Saturday, October 16, 2004


Computer Costs

Mike Gray in The Times makes a lot of interesting observations on the cost of computing.

As a reasonably successful computer programmer, whose software has been used for the last thirty years to manage a fair proportion of major projects all over the world from North Sea Oil to the Space Shuttle and truck and car plants to the Jubilee line, let me enlighten him.

In the sixties it was said by a senior man in ICL, that if it takes one man, one year to write a computer program, then it will take two men two years and two hundred and fifty six men, two hundred and fifty six years. It may be a bit of an exaggeration but if you look at all the successful software, then you will often find that in many cases, the team that actually did the programming is very small and often a single person of perhaps strange habits.

And where the system was successful, they were generally rewarded with large amounts of money.

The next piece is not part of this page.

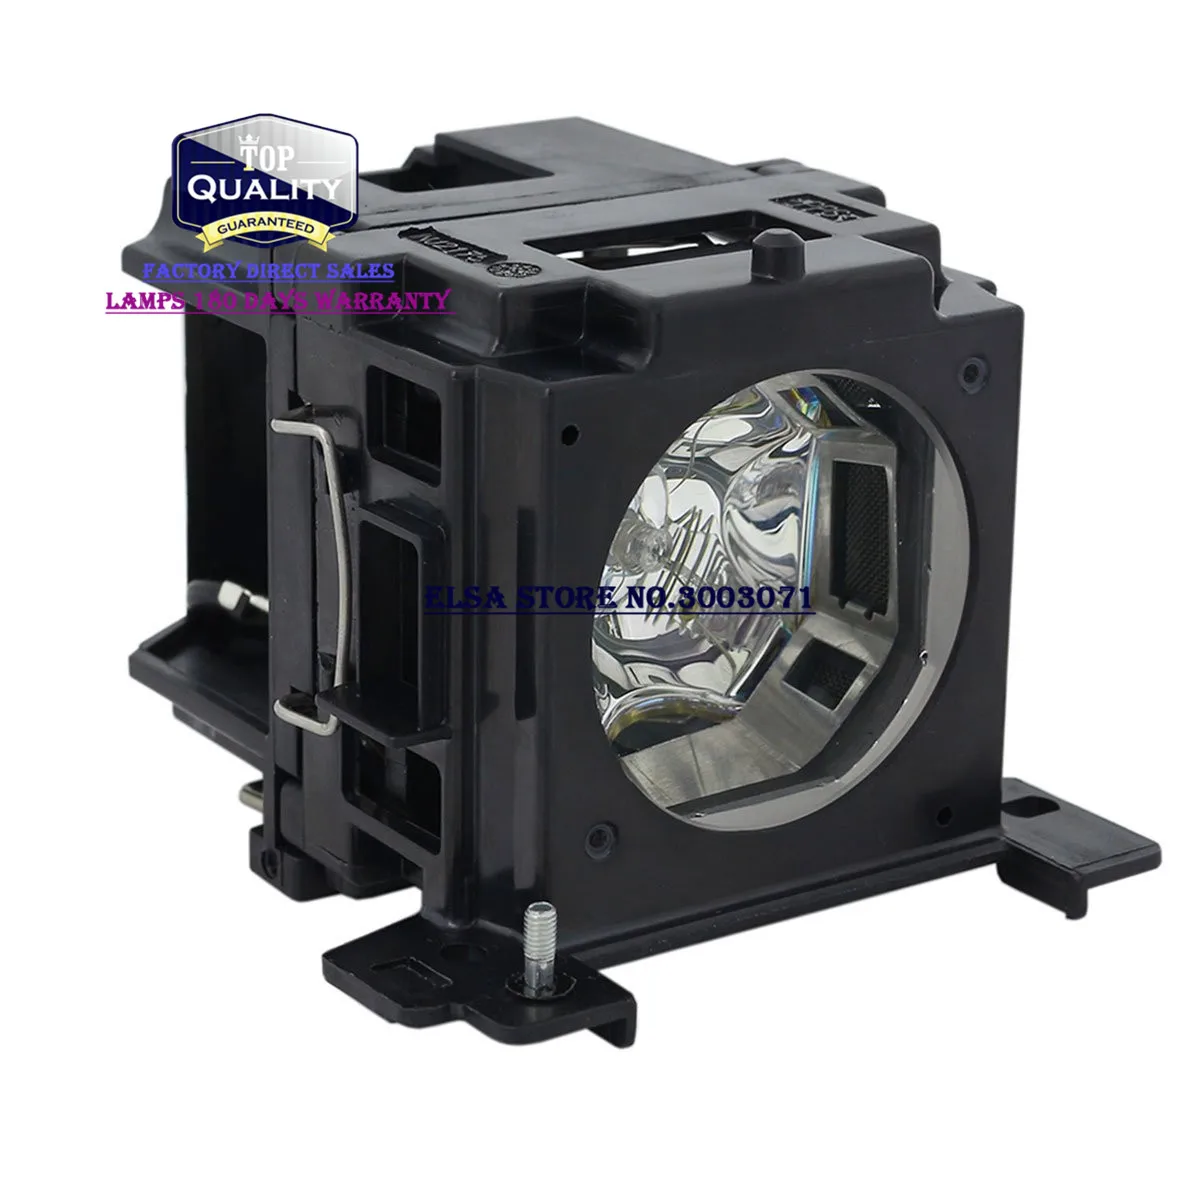 

High Quality DT00731 Compatible projector lamp for use in HITACHI CP-S240 CP-S245 CP-X250 CP-X255 ED-S8240 ED-X8250 ED-X8255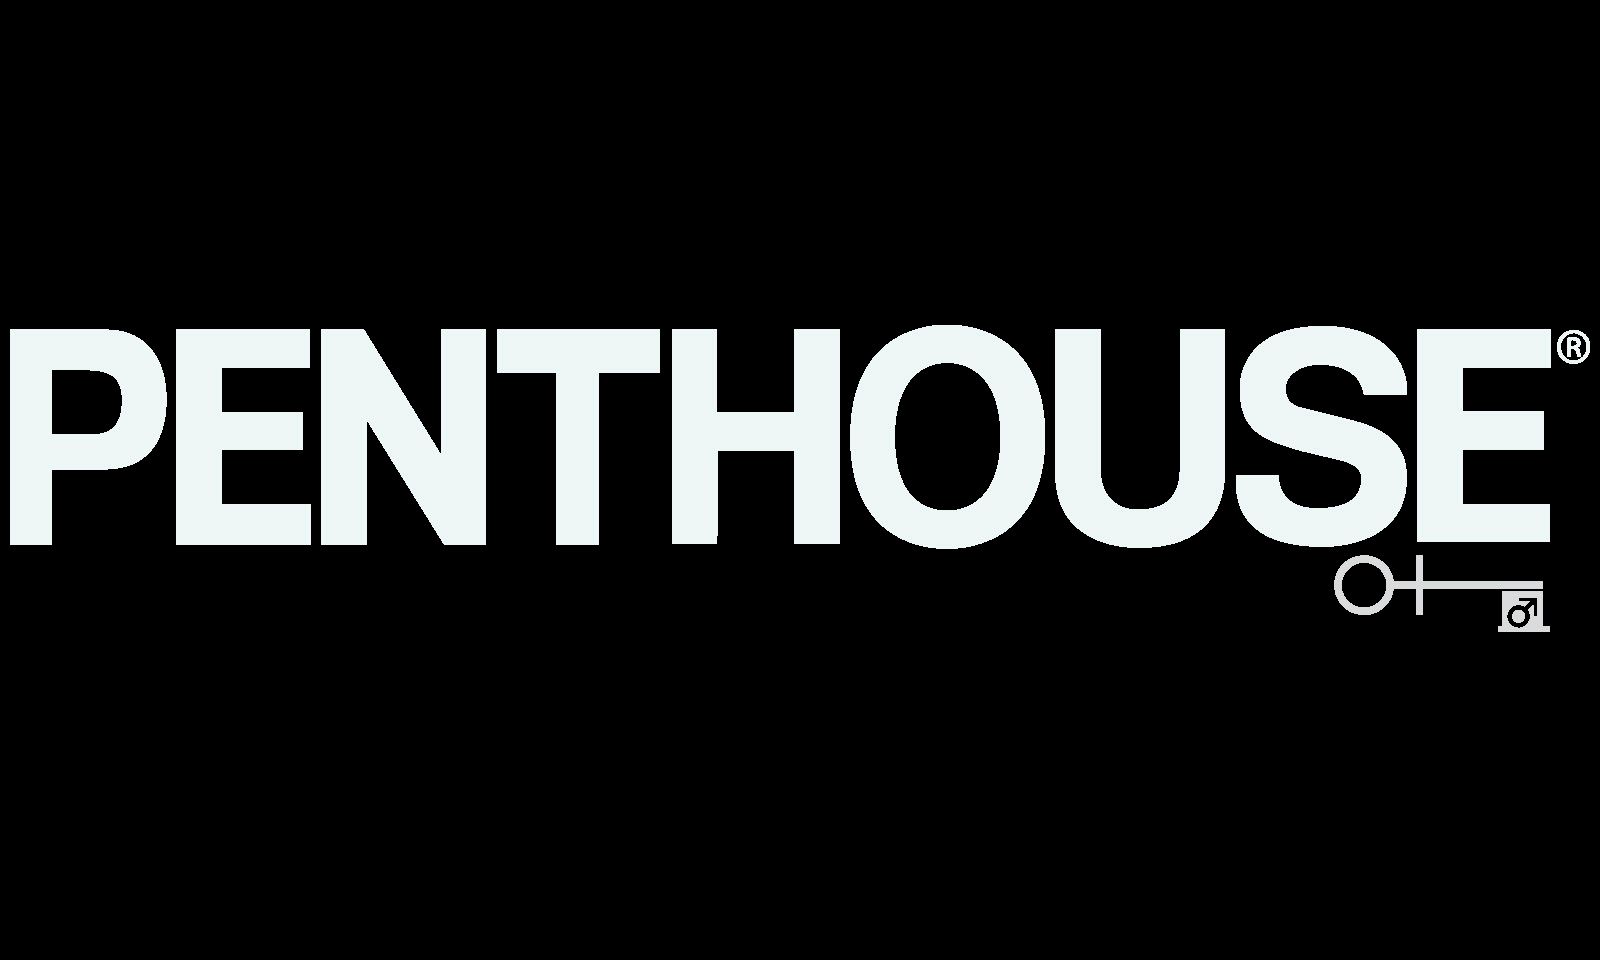 What Do Women Want? Penthouse Tells All in Two New Releases

This is anathema to most that commission computer systems and especially to civil servants, who would never allow someone to earn more than they do.

So they persist in using the failed policy of appointing large consultancies, rather than small innovative companies to produce the systems they need. They never apply the common sense rule of perhaps asking three or four people to design and build competing critical modules, that any production engineer at Ford, BMW or BP would think second nature.

Hence they get locked into spiralling costs and late delivery that are in the suppliers’ rather than the taxpayers’ interest.